This comment has been minimized.

boxofrox commented Jun 17, 2017

I've enlisted the reverse debugger to troubleshoot this problem and identified a call to Vec::len() that gets optimized away into a musical chairs dance between the stack and registers.

At the time the program flakes out, the mysql_async library has read the last four bytes retrieved from the tokio_core::net::TcpStream into an intermediate data structure mysql_async::proto::NewPacket. These last four bytes are the 4-byte header of the next MySQL packet to parse. These last four bytes are copied into the NewPacket.header, a std::vec::Vec (assertion NewPacket.header.len() == 4).

Now that the MySQL header is read, it is known that 115 more bytes are needed to complete the packet. Since there are no more bytes to process, another attempt to read from TcpStream commences, and fails with Err(WouldBlock), at which point the mysql_async library schedules a future read, then tries to reparse the intermediate data structure NewPacket one more time in case some bytes had been read.

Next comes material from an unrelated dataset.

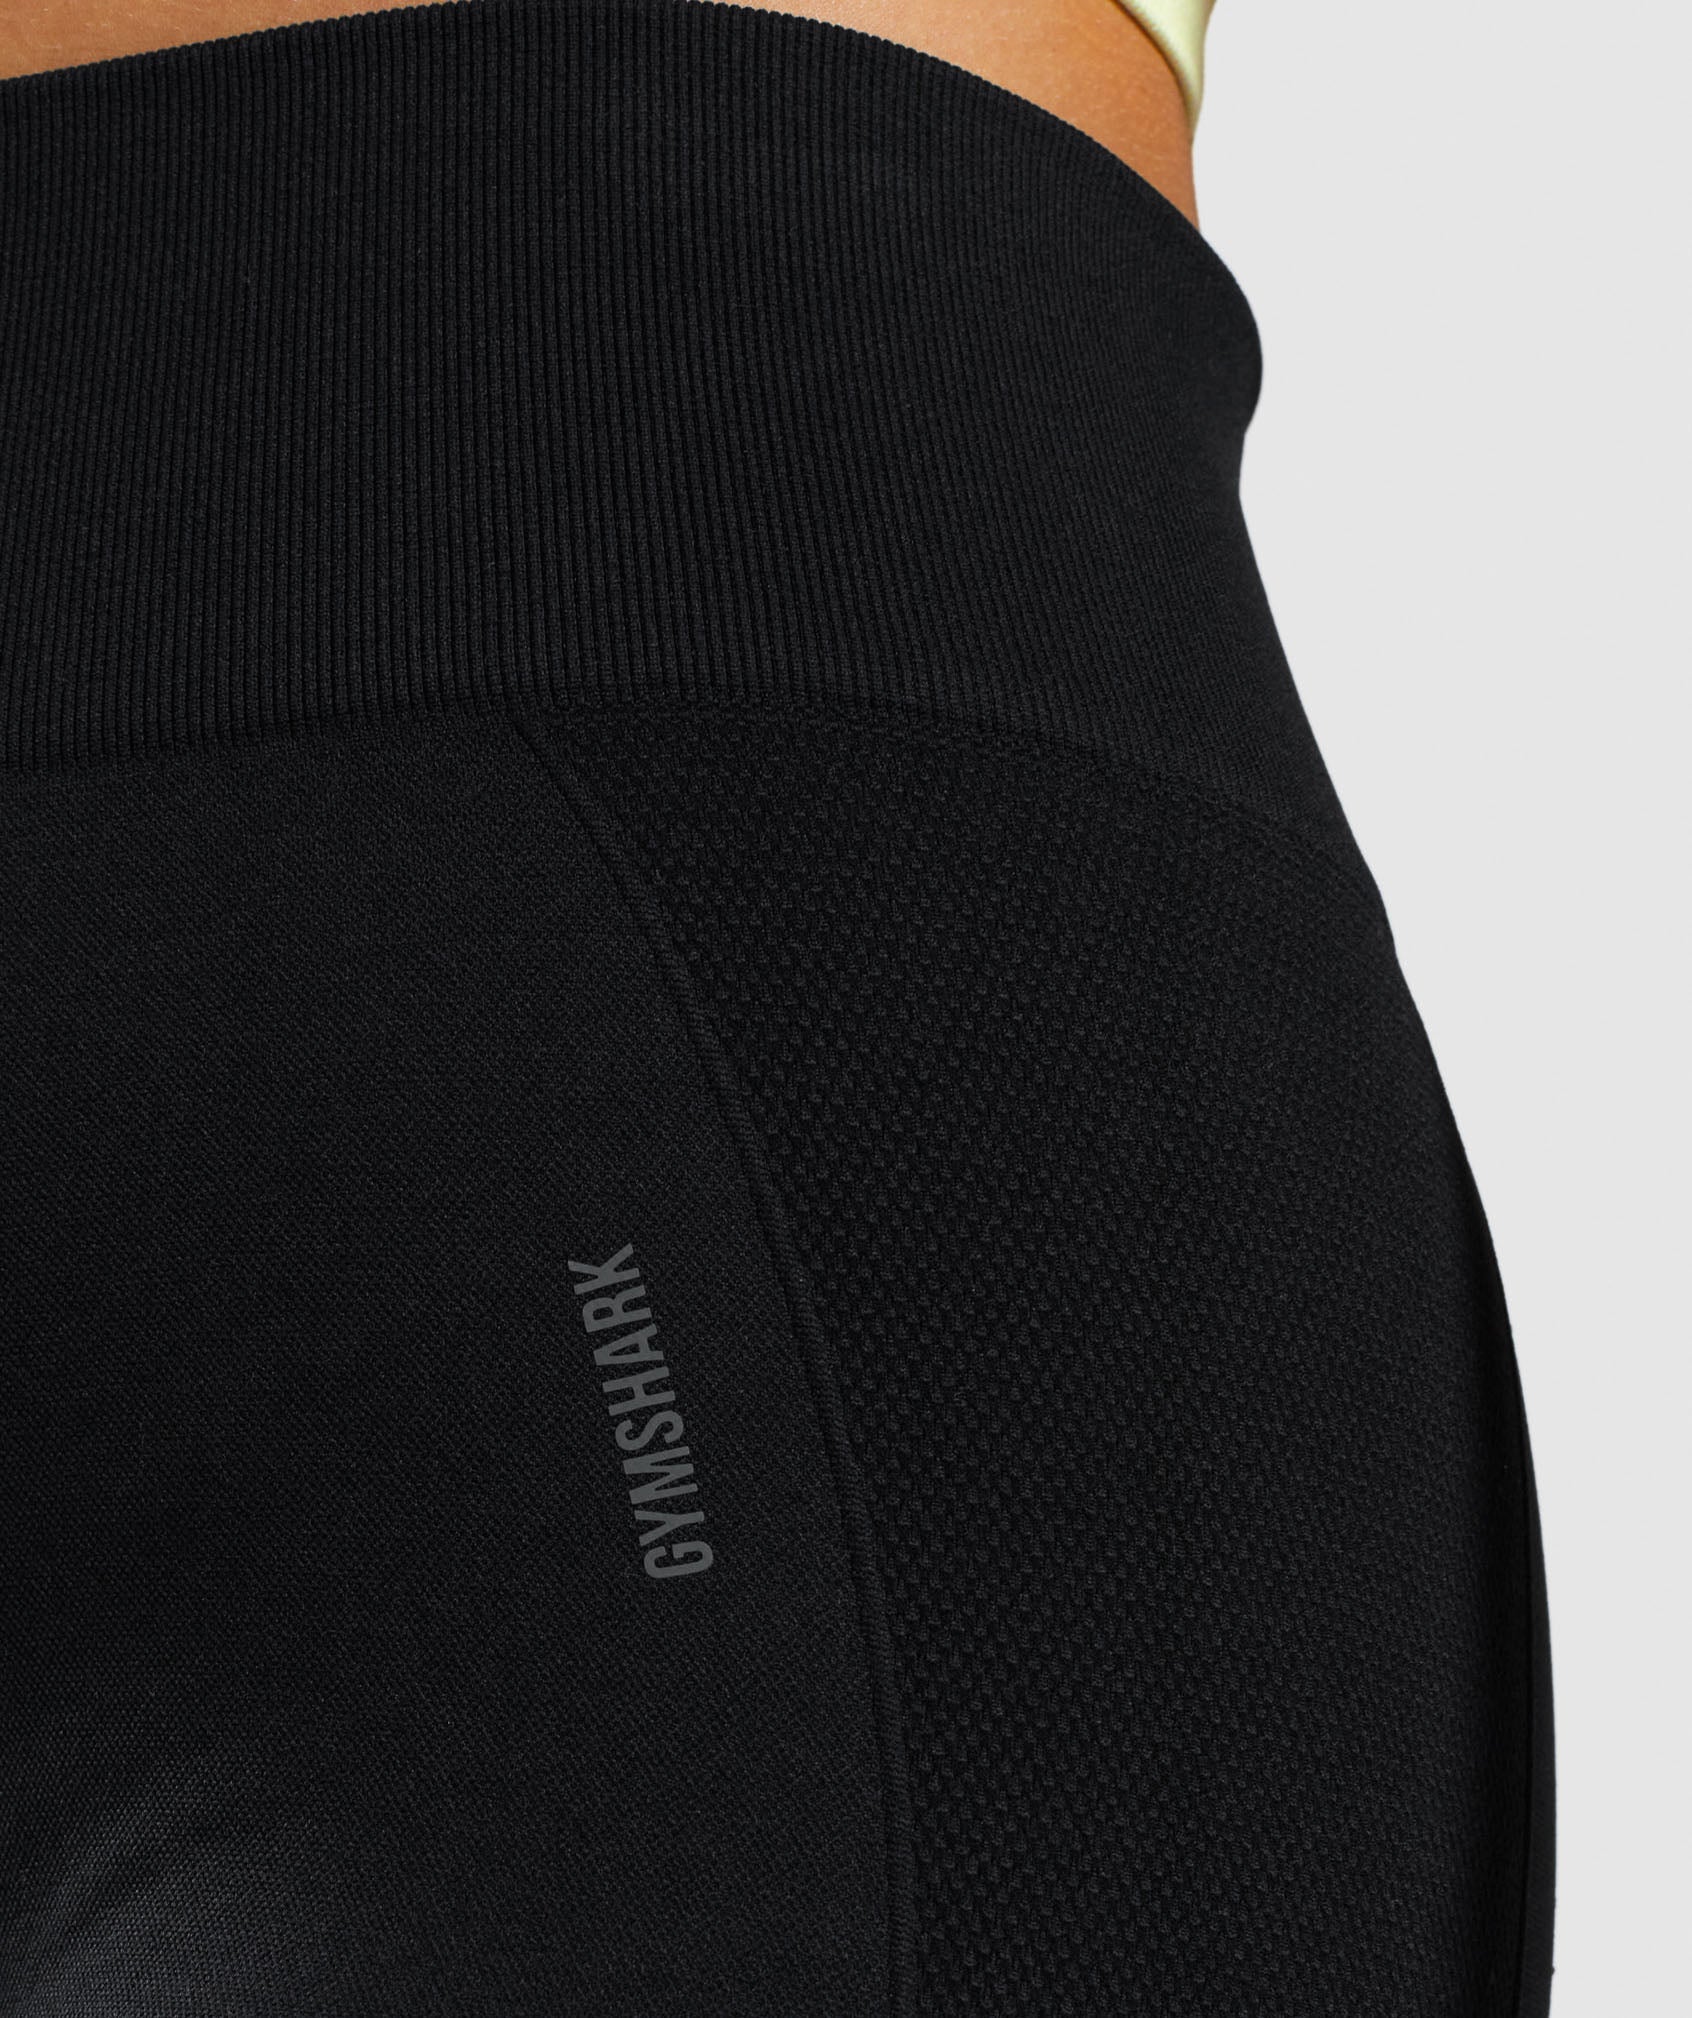 Flex Cycling Shorts in Black/Charcoal

The NewPacket.parse() function is a state machine transitioner that checks the current state, and with its return value, schedules where the next bytes read from the TcpStream shall go. It's already pulled four bytes for the header, the buffer was empty, and there are no more bytes to be had at this point. When the parse function checks to see if the header has all its bytes, it's here that the register--that represents NewPacket.header.len()--contains 0x00 instead of 0x04. The code erroneously returns a ParseResult::NeedHeader, which corrupts further reading of the TcpStream.

At this point, I decided to play with the opt-level settings in Cargo.toml. opt-level = 1 runs fine, while opt-level = 2 and opt-level = 3 reproduces the error.

I don't know if this bug has caught anyone's attention and concern. If so, I have a pcap tcpdump, a reverse debugger recording that enables forward and reverse debugging in gdb, and the source files I've used with slight modifications I'm willing to share.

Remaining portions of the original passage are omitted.